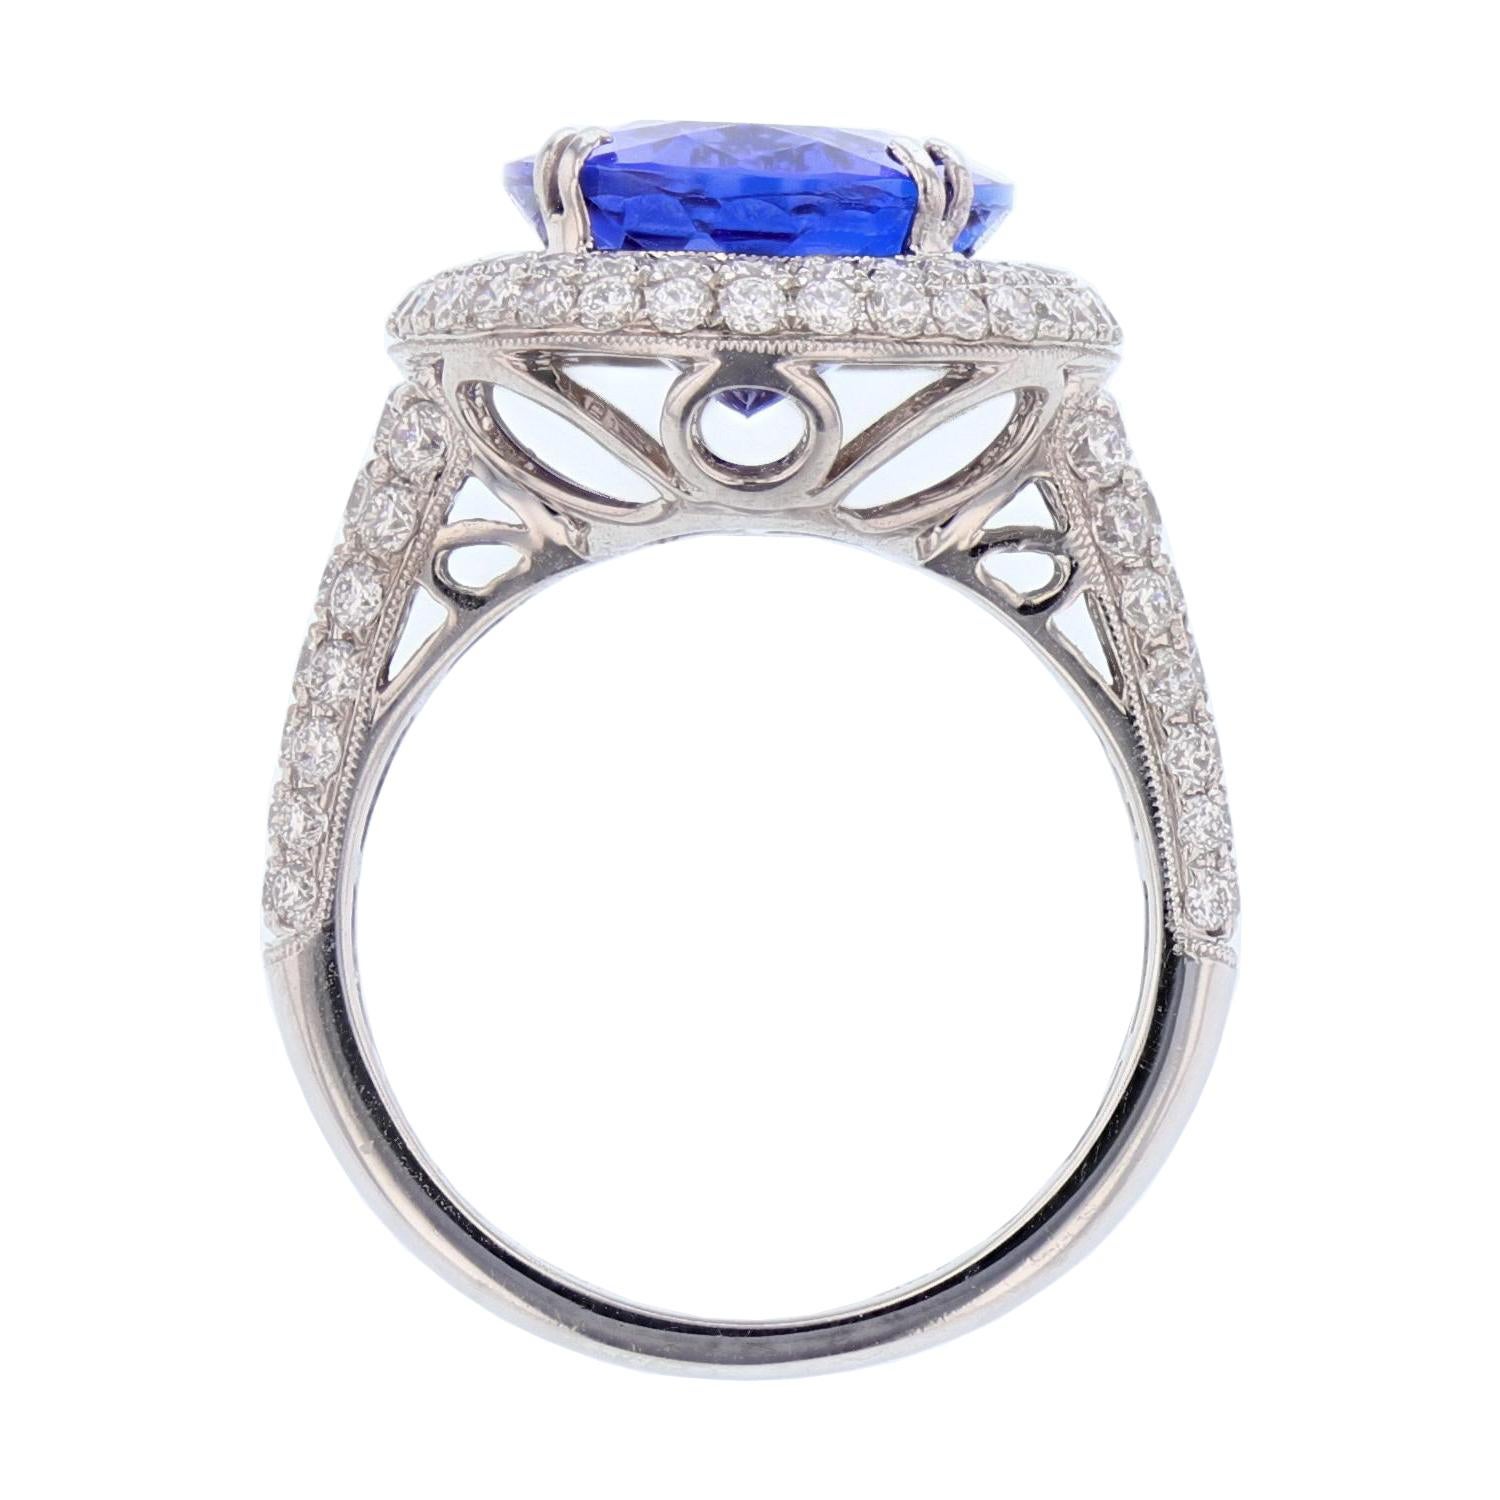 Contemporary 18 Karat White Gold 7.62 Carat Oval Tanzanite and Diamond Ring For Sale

..............................

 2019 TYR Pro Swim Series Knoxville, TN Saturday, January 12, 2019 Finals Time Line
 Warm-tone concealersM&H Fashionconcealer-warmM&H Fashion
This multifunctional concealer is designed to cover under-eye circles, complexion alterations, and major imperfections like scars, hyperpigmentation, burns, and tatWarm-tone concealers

..............................

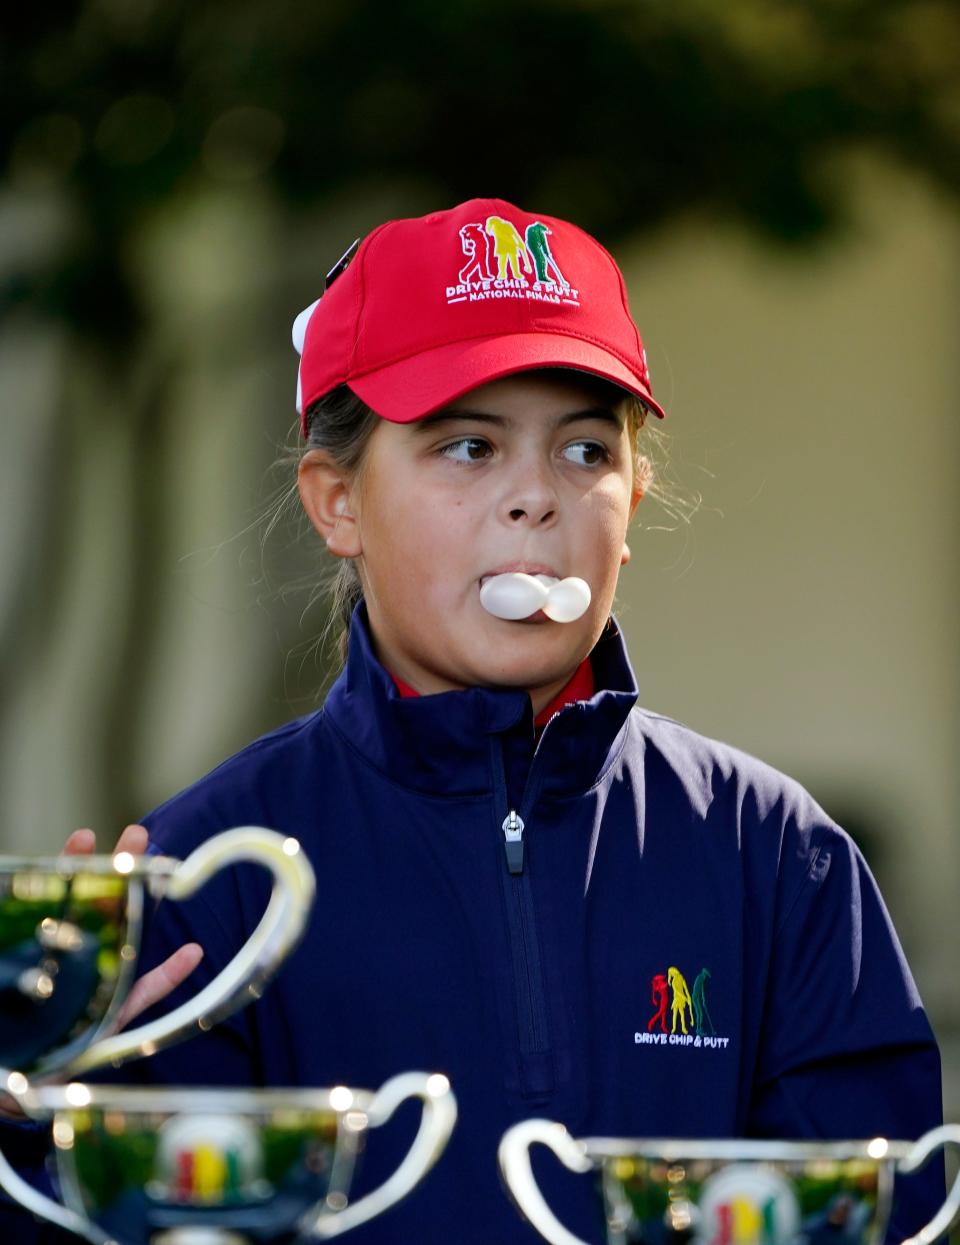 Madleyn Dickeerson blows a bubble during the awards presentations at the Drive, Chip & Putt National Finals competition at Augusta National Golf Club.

..............................

| Problem |
Return exactly the lines above from the line that has "2019 TYR Pro" through the line that has "This multifunctional concealer", inclusive, and nothing else.

| Answer for this exercise |
 2019 TYR Pro Swim Series Knoxville, TN Saturday, January 12, 2019 Finals Time Line
 Warm-tone concealersM&H Fashionconcealer-warmM&H Fashion
This multifunctional concealer is designed to cover under-eye circles, complexion alterations, and major imperfections like scars, hyperpigmentation, burns, and tatWarm-tone concealers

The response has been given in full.